Queen of Angels
- Cover of first edition (hardcover)
- Author: Greg Bear
- Language: English
- Genre: Science fiction novel
- Publisher: Warner Books
- Publication date: July 1990
- Publication place: United States
- Media type: Print (hardback & paperback)
- Pages: 420
- ISBN: 0-446-51400-4
- OCLC: 20854171
- Dewey Decimal: 813/.54 20
- LC Class: PS3552.E157 Q44 1990

= Queen of Angels (novel) =

1990 science fiction novel by Greg Bear

Queen of Angels is a 1990 science fiction novel written by Greg Bear. It was nominated for the Hugo, Campbell and Locus Awards in 1991. It was followed by a sequel, "/", also known as Slant.

== Plot summary ==

Queen of Angels describes our world just prior to the binary millennium (2048 AD) through several parallel (and to some degree interlocking) tales. Nanotechnology has transformed almost every aspect of American society, and its application to psychology, psychiatry, and neuroscience has resulted in new techniques for mental "therapy" that have created new forms of social stratification. Increasingly, individuals are "therapied: "by means of "nano-therapy," they are turned into well-integrated personalities capable of productive work and constructive social interaction, which does not threaten the social order. Therapied individuals have access to the best jobs. There are two other classes: the "high naturals," who possess such a positive mental makeup that they do not need any therapy, and the "untherapied," who find themselves increasingly marginalized.

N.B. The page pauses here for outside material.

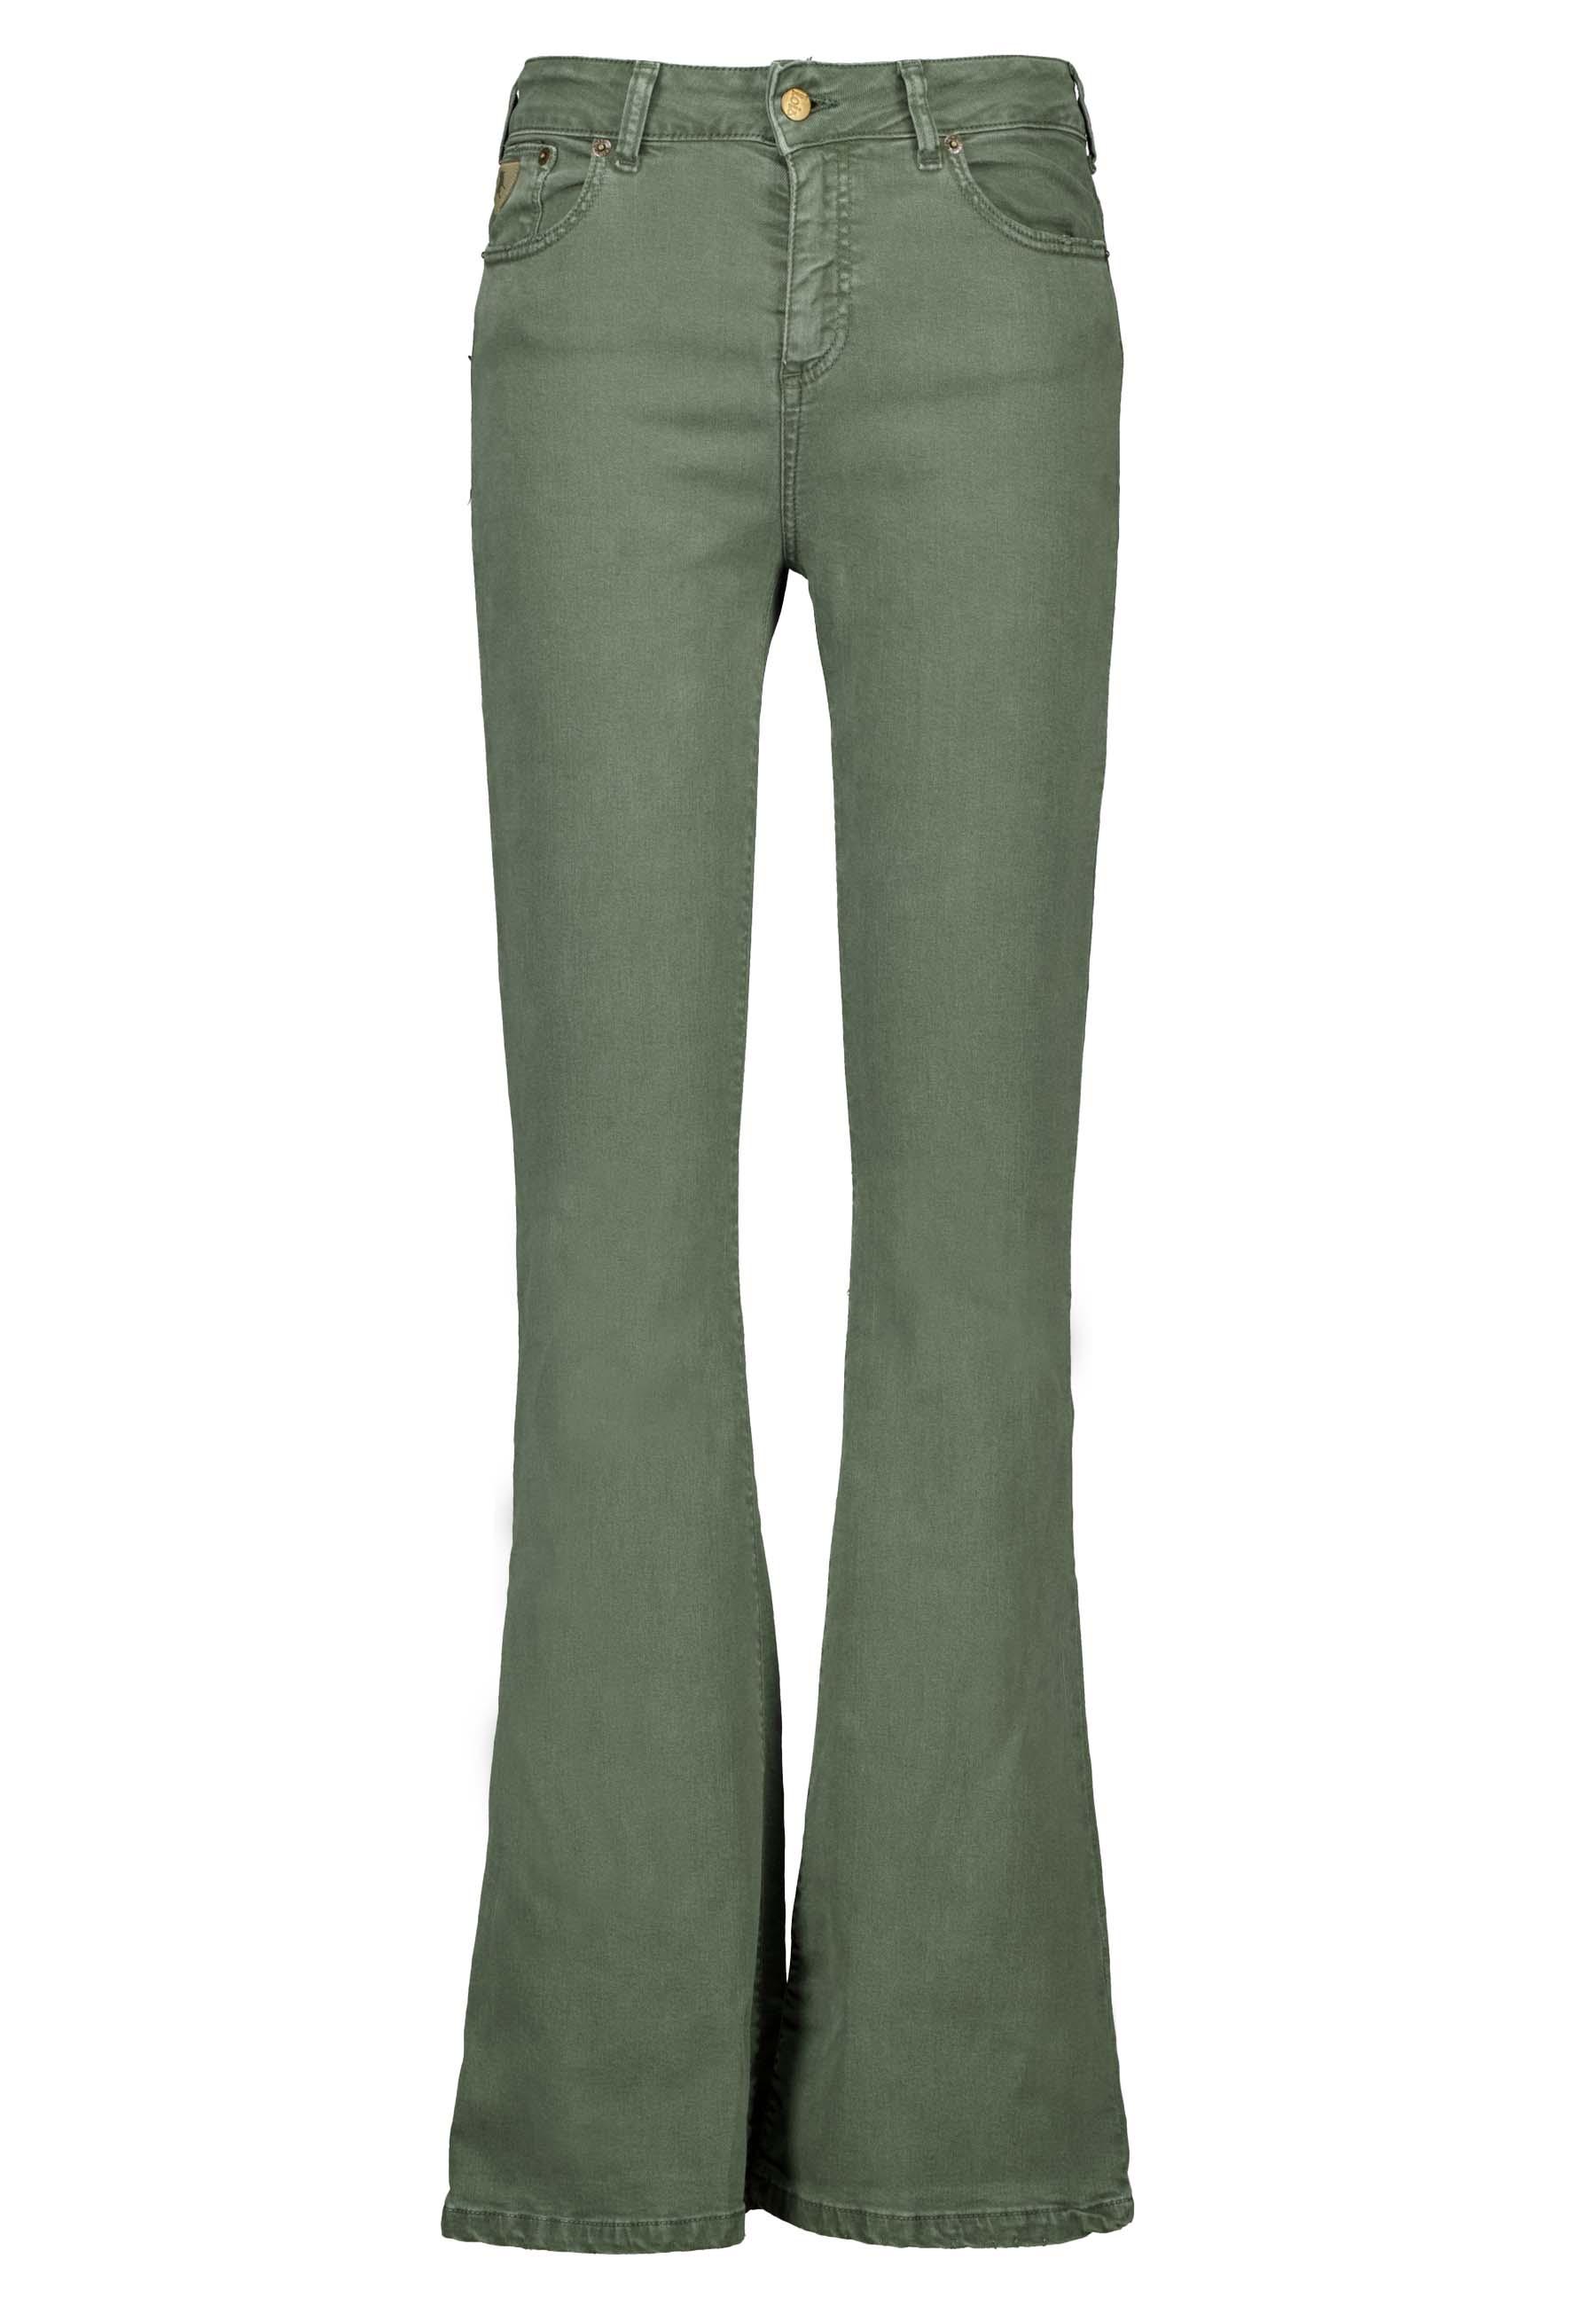 Lois Raval jeans groen Dames maat 29/32

The central unifying element involves a famous writer, Emmanuel Goldsmith, who has committed a gruesome series of murders, a crime almost unheard of in the age of therapy. One storyline involves Mary Choy, a high natural police detective assigned to the case to track down and arrest the murderer. Mary is a transform since she has chosen to have her body extensively altered by nanotechnology to enhance her abilities as a policewoman and also for aesthetic reasons.

A second storyline involves Richard Fettle, a good friend of the murderer, also an untherapied writer, who must come to terms with what happened to his friend and how his artists' lives, and all of the untherapied must change. The third plot line concerns Martin Burke, a pioneer in psychotherapy who uses a technique which allows him to directly enter and interact with a patient's psychology, the "Country of the Mind," through a sort of virtual reality. Although disgraced at the story's opening, Dr. Burke is given the opportunity to use his technique to explore Goldsmith's mind, which turns out to be one of the most fascinating and dangerous minds imaginable.

Finally, the fourth plotline considers the nature of artificial intelligence, as an AI robot space probe discovers life on a planet in the Alpha Centauri system and simultaneously achieves its own independent self-awareness, as does its twin back on Earth.

The novel deals with issues of technology, identity, the nature of justice, and the existence of consciousness and the soul. Queen of Angels, set in 2047, was written just before the creation of the first website in 1991 and describes a global network based on the exchange of text (a sort of super USENET), whereas the sequel, Slant, set in 2055 and written in 1997 after the coming of the World Wide Web, describes a global network which has inexplicably changed to resemble a vast shared virtual reality.

Also in the novel is "Citizen Oversight," a quasi-governmental agency that collects data on citizens: medical, financial, legal. It also collects information from public sources such as video cameras with facial recognition and has the ability to track individuals. Local police agencies can appeal to Citizen Oversight to conduct a query on an individual and Citizen Oversight may or may not give out the requested information, based on their interpretation of the "Raphkind Amendment."